Complicated feelings

Marcus Tomoff became sick with COVID-19 in the beginning of June and his symptoms — including constant headaches, dizziness, pain surging from his lower back to neck, numbness, chest pains, nausea, weight loss and struggling to breathe — continue to linger. While trying to manage the pain requires a lot of effort and exhausts him, he’s also dealing with guilt. He believes he gave COVID-19 to his mom and stepfather. Dropping them off at the hospital for treatment felt just awful.

“I had to drive myself home, crying, and dealing with my pain alone,” the 28-year-old who started the clothing brand Lyfe Thryver to raise money for COVID-19 survivors in Tampa, Florida, told TODAY. “That is what actually affected me, that guilt.”

Courtesy Marcus Tomoff

Tomoff also faces isolation. Some of his friends shunned him after learning of his diagnosis.

“People say they never want to see me again,” he explained. “You feel very alone. You feel very depressed and anxious.”

Tomoff finds support through Survivor Corps, an online support group of more than 90,000 COVID-19 survivors. Having a community helps him and others cope with their lingering symptoms and mental health challenges.

“Survivor Corps saved me in so many ways,” Andréa Ceresa, 46, an office manager and singer in Branchburg, New Jersey, told TODAY. “Seeing people in the group who have gotten better and gotten treatment has given me hope.”

Since becoming sick more than 130 days ago, she’s had tinnitus, nausea and neuropathy (weakness in the hands and feet from nerve damage) among other symptoms.

“I’ve had some suicidal thoughts. I’ve been at the lowest place in my life,” Ceresa explained. “I have severe panic attacks, maybe every other day. I’ve never had a panic attack before in my life.”

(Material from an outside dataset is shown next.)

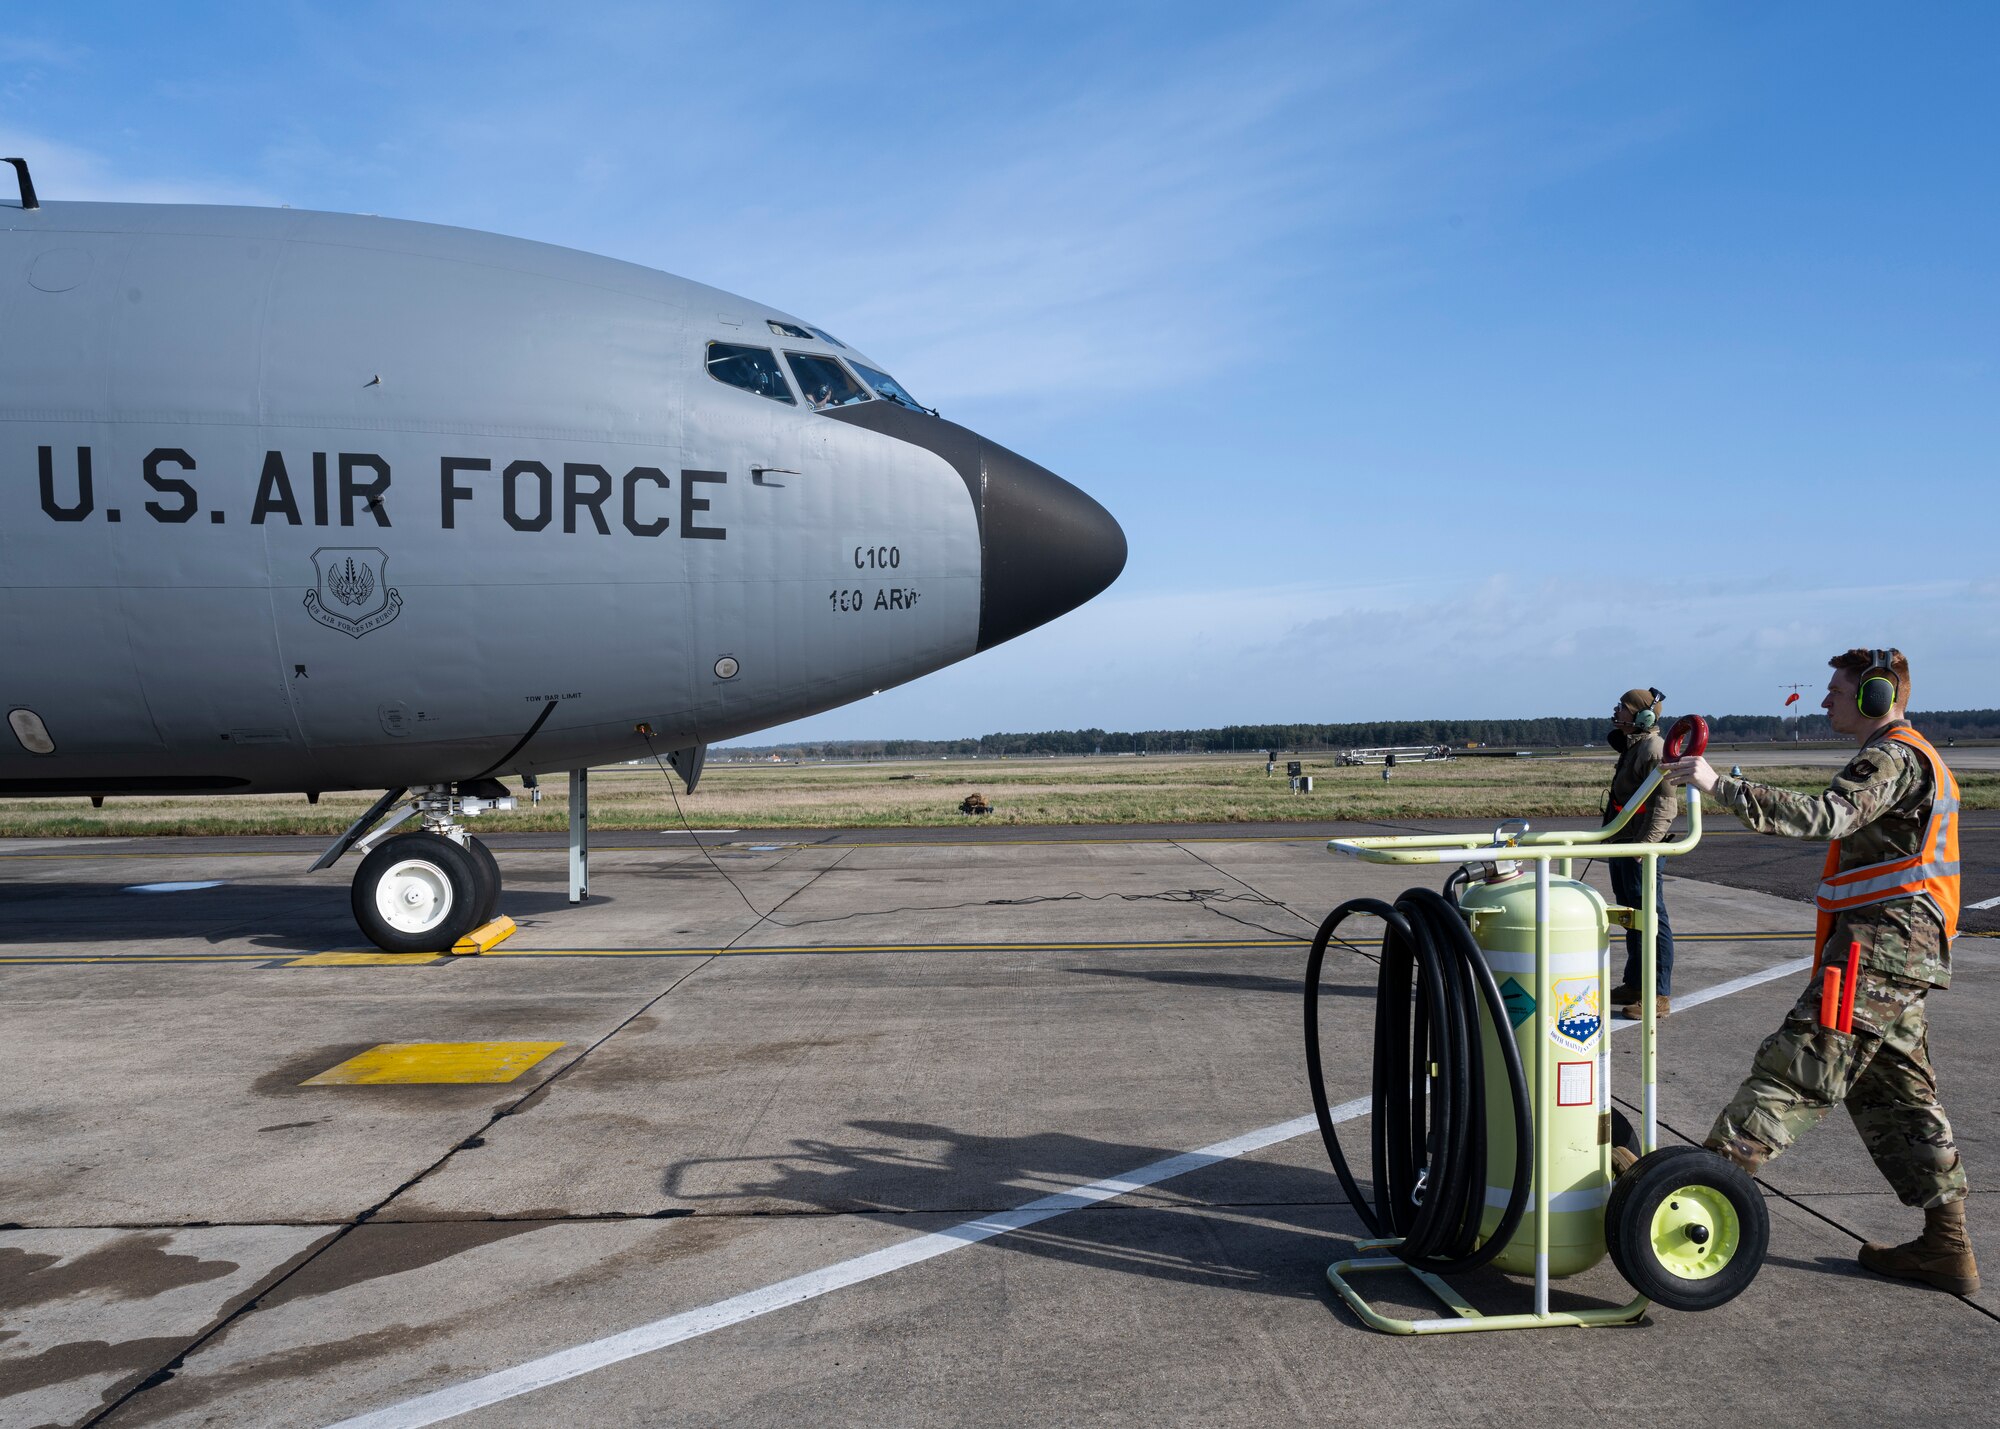 A U.S. Air Force Airmen assigned to the 100th Maintenance Squadron perform pre-flight checks on a KC-135 Stratotanker aircraft at Royal Air Force Mildenhall, England, Feb. 16, 2022. The 100th ARW is the only permanent U.S. air refueling wing in the European theater providing the critical air refueling "bridge" that enables the Expeditionary Air Force to deploy around the globe on a moment's notice.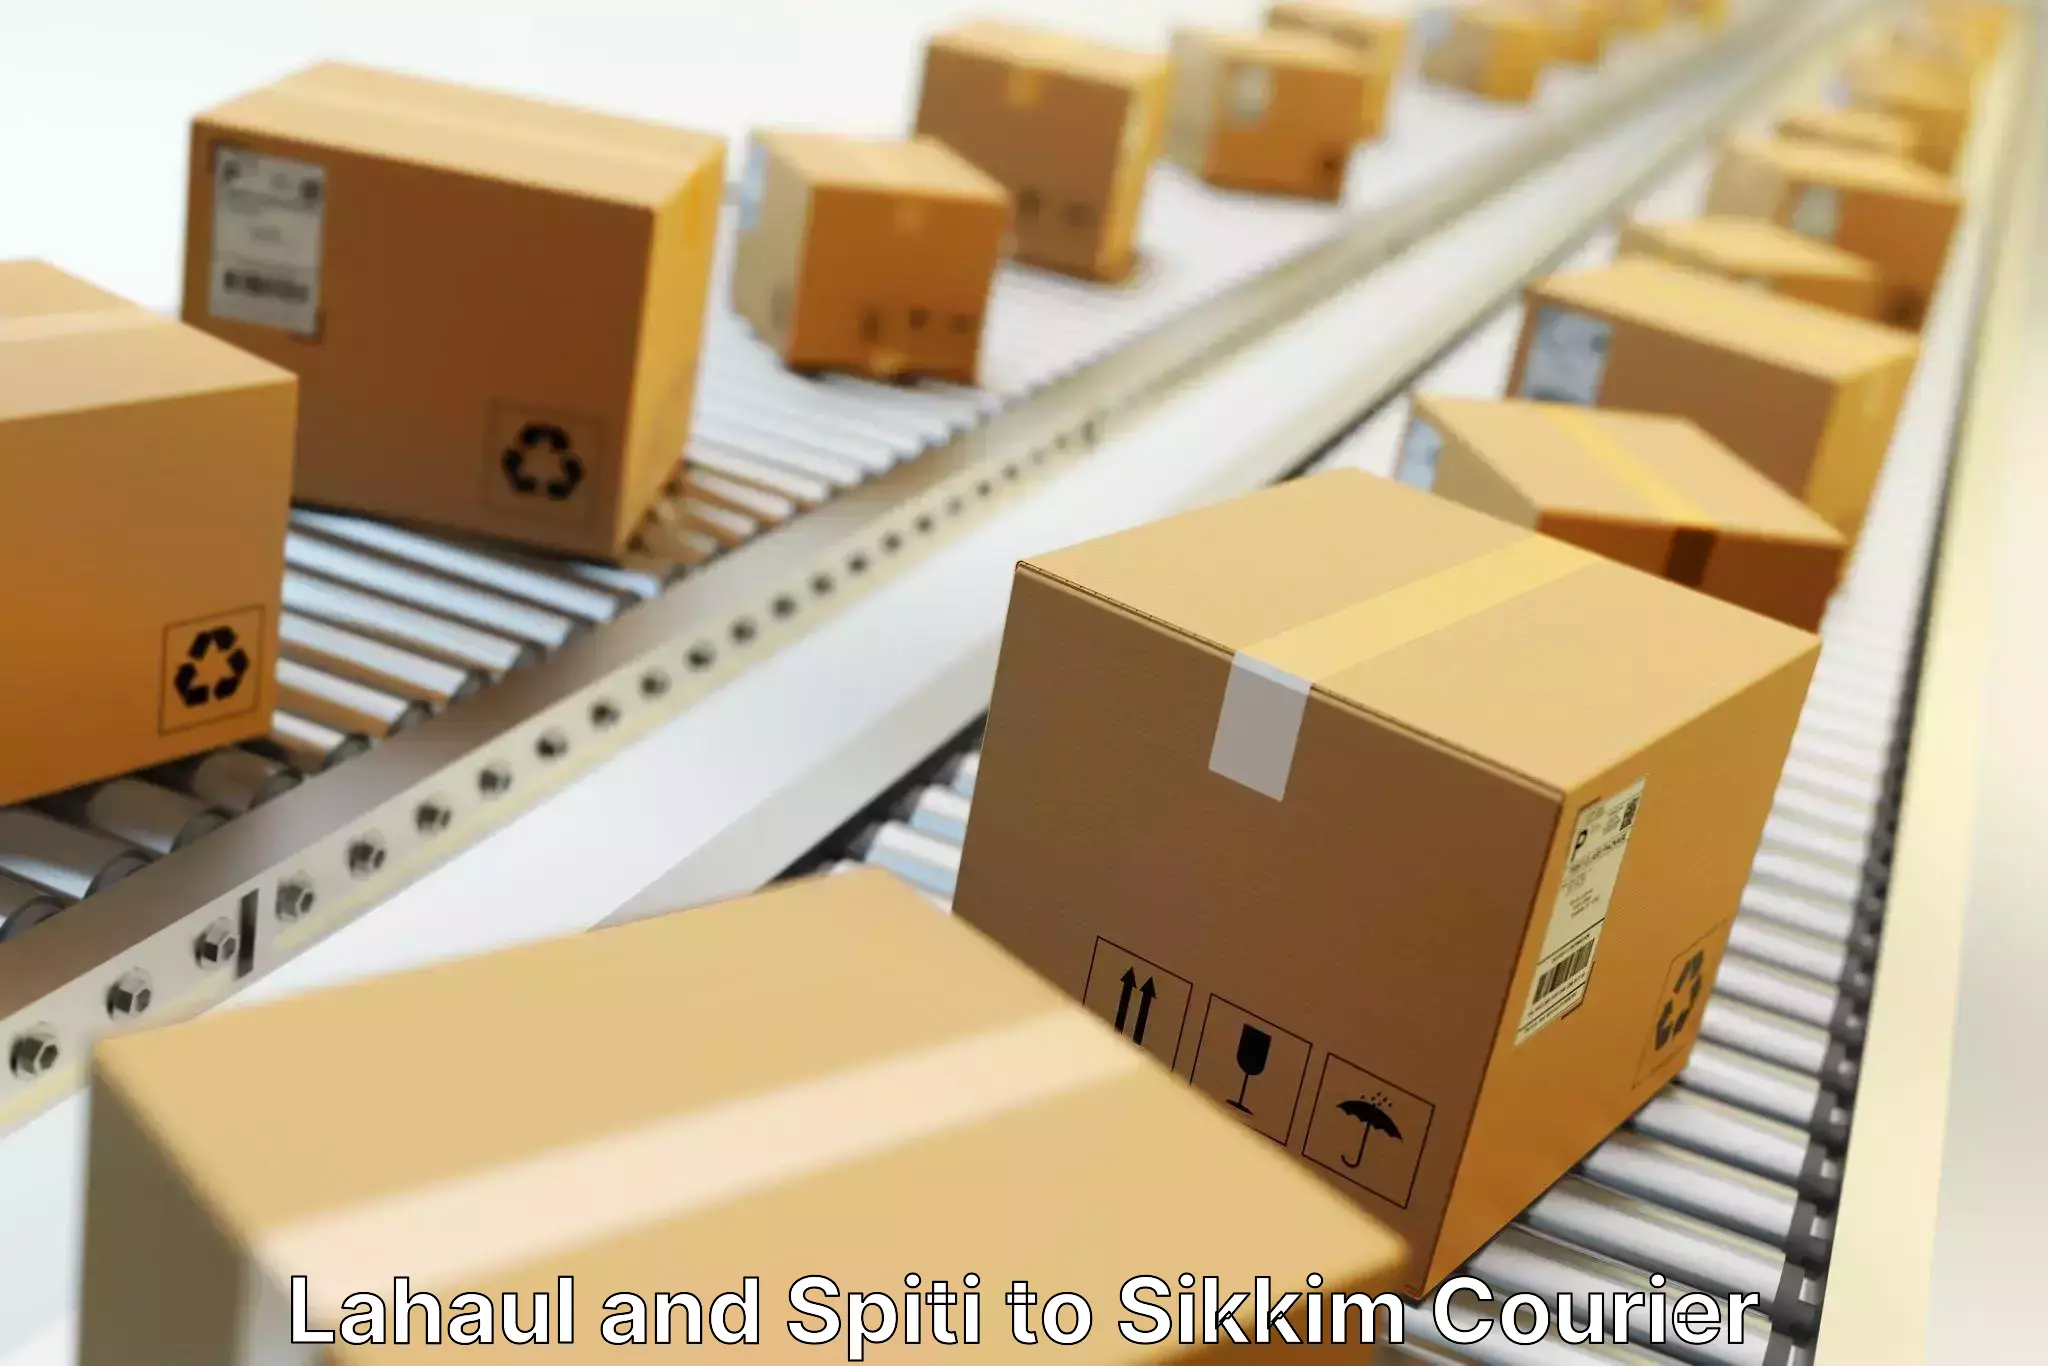 Lightweight parcel options Lahaul and Spiti to East Sikkim

She feels nervous about going to the grocery store, when she sees people without masks, but her biggest worry is about whether she’ll ever feel good enough to perform again.

“My biggest fear is that I will not get better,” she said.

Other long haulers share that worry. Jennica Harris had a positive COVID-19 test on April 13 and has had symptoms since, including racing heartbeat, back pain, cold intolerance and exhaustion. She now has anxiety, depression, PTSD and some obsessive compulsive behaviors.

“I don’t leave our house,” the 33-year-old from San Marcos, California, told TODAY. “We went to the car wash and I panicked because I was thinking who went through this car wash without a mask on … It just plays out over and over.”

Courtesy Jennica Harris

Kayleen Alfaro has been sick since early March and thinks she has at least 40 different symptoms, including unrelenting headaches and constant nausea. Feeling ill all the time impacts her mental health.

“There are days, I don’t even know how I do it,” the 36-year old from Sacramento, California told TODAY. “I just feel like I’m in a nightmare. I’m just not myself.”

Like Harris, Alfaro often experiences a racing heart beat and she panics that she’s having a heart attack. That causes her anxiety to spike, but overall she feels blue.

“This is leading to depression for me because of just feeling so down about being sick,” she said. “I don’t know what’s going on with my body. I don’t know if there’s damage. I don’t know if this is going to last forever. Nobody has helped me … I just honestly think nobody is educated enough on this yet.”

While they are all undergoing treatment for their mental health, they agree that having support and sharing their stories help.

“It’s imperative that we bring awareness,” Harris said. “That recovered number that you see — well, it’s great. But you don’t know what recovered looks like and this is what I’m showing you. It’s a challenge every day. It’s hard to get out of bed.”